[Date Prev][Date Next][Thread Prev][Thread Next][Date Index][Thread Index]
Harold Varmus: "Self-Archiving is Not Open Access"
** Apologies for Cross-Posting **
If you wonder why there is internecine squabbling within the Open
Access (OA) Community, you need go no further than Richard
Poynder's latest OA interview (a skillful, revealing elicitation,
as always), this time of Nobel Laureate and PLoS co-founder,
Harold Varmus:
http://poynder.blogspot.com/2006/06/interview-with-harold-varmus.html
RICHARD POYNDER:
"[T]here has been a long-standing and vigorous debate within the OA
movement about the respective merits of the so-called Green and Gold
roads. The debate seems to revolve around the issue of whether it
is better for OA advocates to put all their energy into the creation
of new open access journals, or to focus on lobbying research funders
and governments to require researchers to self-archive the papers
they have published in subscription journals. What are your views
on that debate?"
HAROLD VARMUS:
"My views are very clear: at this point self-archiving is not Open
Access. One of the important components of the definition of
Open Access that we have all agreed on is that research information
should be placed in a searchable database. Right now the only way
to be confident that you can do that effectively is by using a large
public digital library like PubMed Central."

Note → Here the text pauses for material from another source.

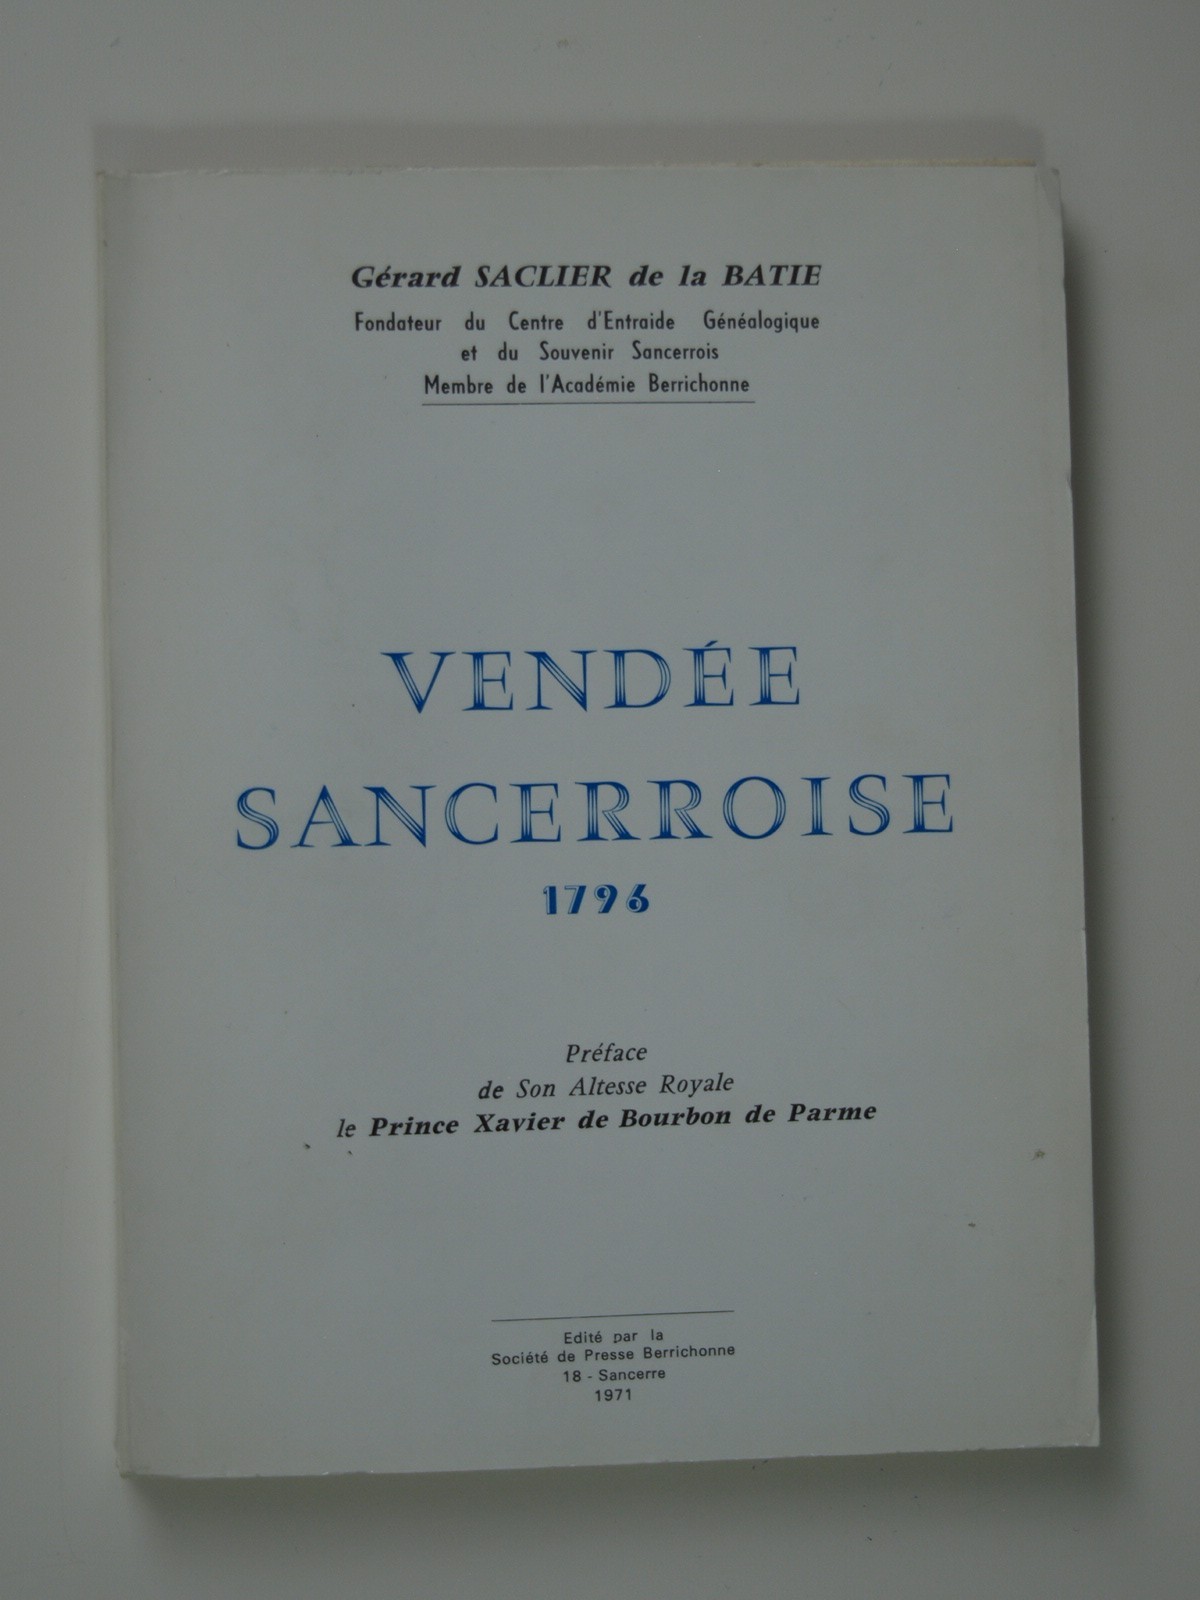 SACLIER de la BATIE Gérard : Vendée sancerroise 1796

I am spared having to respond (yet again) to this egregious
nonsense by Peter Suber's spare reply in Open Access News:
PETER SUBER:
"Varmus is wrong to say that self-archiving is not OA. OA is a kind
of access, not a kind of venue, and 'OA repositories' deliver this
kind of access as well as 'OA journals', and distributed repositories
deliver it as well as central repositories. Repositories certainly
count as 'searchable databases'."
http://www.earlham.edu/~peters/fos/2006_06_04_fosblogarchive.html#114960586121434685
To see what definition of Open Access "we have all agreed on,"
please see the BOAI definition of OA, first coined by the BOAI
(Peter Suber, principal drafter), 2001:
http://www.soros.org/openaccess/read.shtml
Nor is the (profound) disagreement about the definition of OA
merely semiological quibbling. The difference is strategic, and
it has profound practical implications for OA (sic), and how soon
we manage to reach it. Harold's continuing confusions about (what
was eventually dubbed) OA began early on (1999)
http://www.nih.gov/about/director/ebiomed/com0509.htm#harn45 but
certainly not as early as OA itself began, which was in the
1980's, with computer scientists self-archiving their papers in
Anonymous FTP Archives. The rest of the road to the optimal and
inevitable outcome is history still in the making (an outcome
that some OA advocates are hastening and facilitating; others,
alas, rather less than they might if they listened a little more
attentively and reflected a bit more: The Midas Touch can be the
Kiss of Death sometimes...)
Harnad, S. (2006) Opening Access by Overcoming Zeno's Paralysis. To
appear in: Jacobs, N., (Ed) Open Access: Key Strategic, Technical
and Economic Aspects. Chandos Publishing (Oxford) Limited, Chapter 8.